Chief Justice Zondo addressed a Human Sciences Research Council (HSRC) symposium the next day, where he referred again to Parliament’s failure to perform its constitutional duty.
“State capture places our democracy at risk, state capture is about greed, selfishness and criminality.” He then went on to elaborate on the role Parliament has played in state capture: “What demonstrates beyond any doubt that state capture places our democracy at risk is when one deals with the role of the National Assembly.
“Parliament, the National Assembly, failed to take streps that would have made sure that the state capture was exposed early” and that would have made sure that it was stopped before South Africans lost billions of Rands.
“The reason why it failed is well known. It is because the majority party refused to agree to the establishment of an inquiry to investigate the allegations. There were a number of instances where there was an opportunity for the majority party in Parliament to agree, but it did not, and therefore the Guptas continued with their project.
“I have said before that if another group of people were to do exactly what the Guptas did, Parliament would still not be able to stop it. That is simply because I have seen nothing that has changed. The question that then arises is, if Parliament won’t be able to protect the people if there were another attempted state capture, who will?”
Zondo replied to his own question, and it is worth quoting him at length as he dwelt on themes that emerged at the workshop and reflect the spirit of IFAA’s Decode project.
“I can only think of two answers. One is if certain electoral reforms are made which allow people to have more power over Members of Parliament [through their] constituencies there may be a chance that there would be a number of Members of Parliament who know what the right thing is to do, who would be prepared to say no to their own parties when their parties want them to do something that is against the interests of the people
“The other possibility is that there should be a standing anti-state capture and anti-corruption commission which works the same way as the Commission I was honoured to chair, which can call anybody to answer questions where there are allegations of corruption and state capture. So that even if the majority in Parliament do not want certain questions to be asked or want to protect Ministers or the President from certain questions there would be opportunities to explore evidence and the answers would be given in the open so nothing can be swept under the carpet.”
Zondo’s concluding comments echoed a refrain that came up repeatedly in the workshop, about the importance of civil society and its role in calling to account Parliament and the political leaders who have failed South Africa.
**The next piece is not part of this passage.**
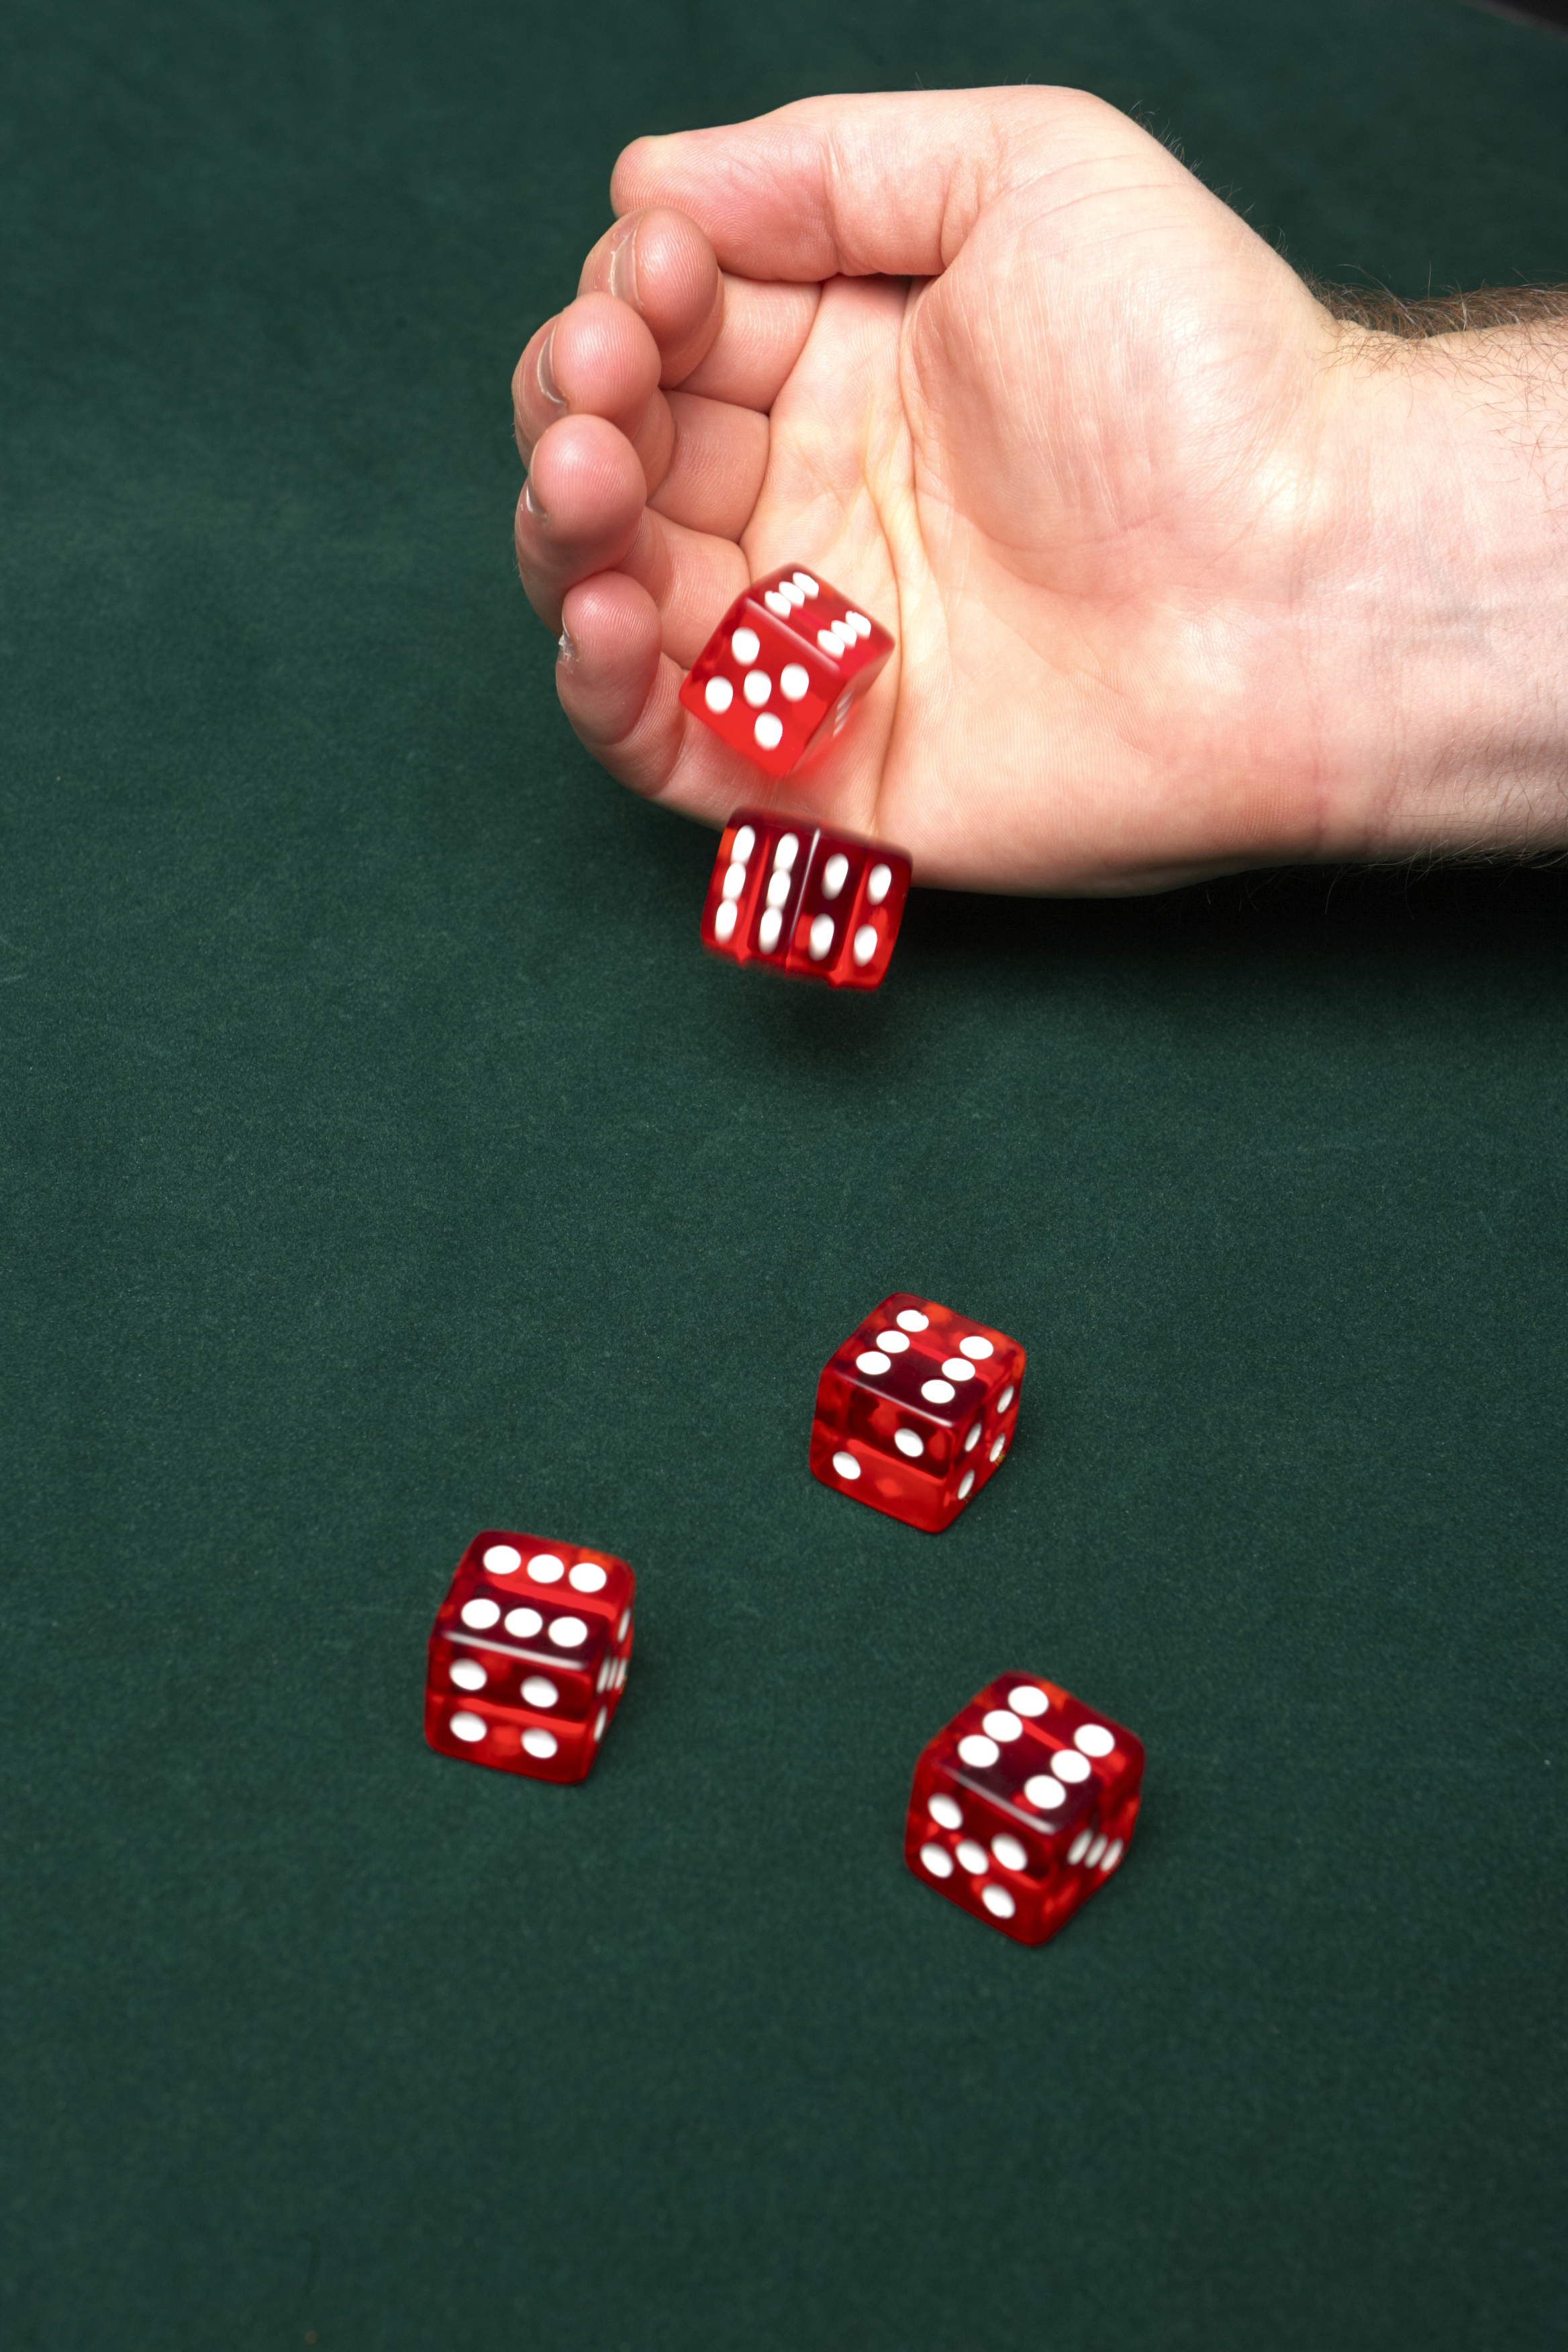 Man rolling 5 red dice

“We have to trust the citizens of this country,” Zondo said. “I believe in active citizenry. I believe that the people of South Africa are the ones who must take their destiny into their own hands. They are the ones who must say we have had state capture, but it is not going to happen again. They must be the ones who say never, never and never again.
“My belief is that when everything else fails, it is you, the people, that give me hope. It is you the people who will make sure that this country is turned around.”
Moira Levy is Media Manager at the Institute for African Alternatives (IFAA) and the Production Editor of its flagship journal, New Agenda: South African Journal of Social and Economic Policy.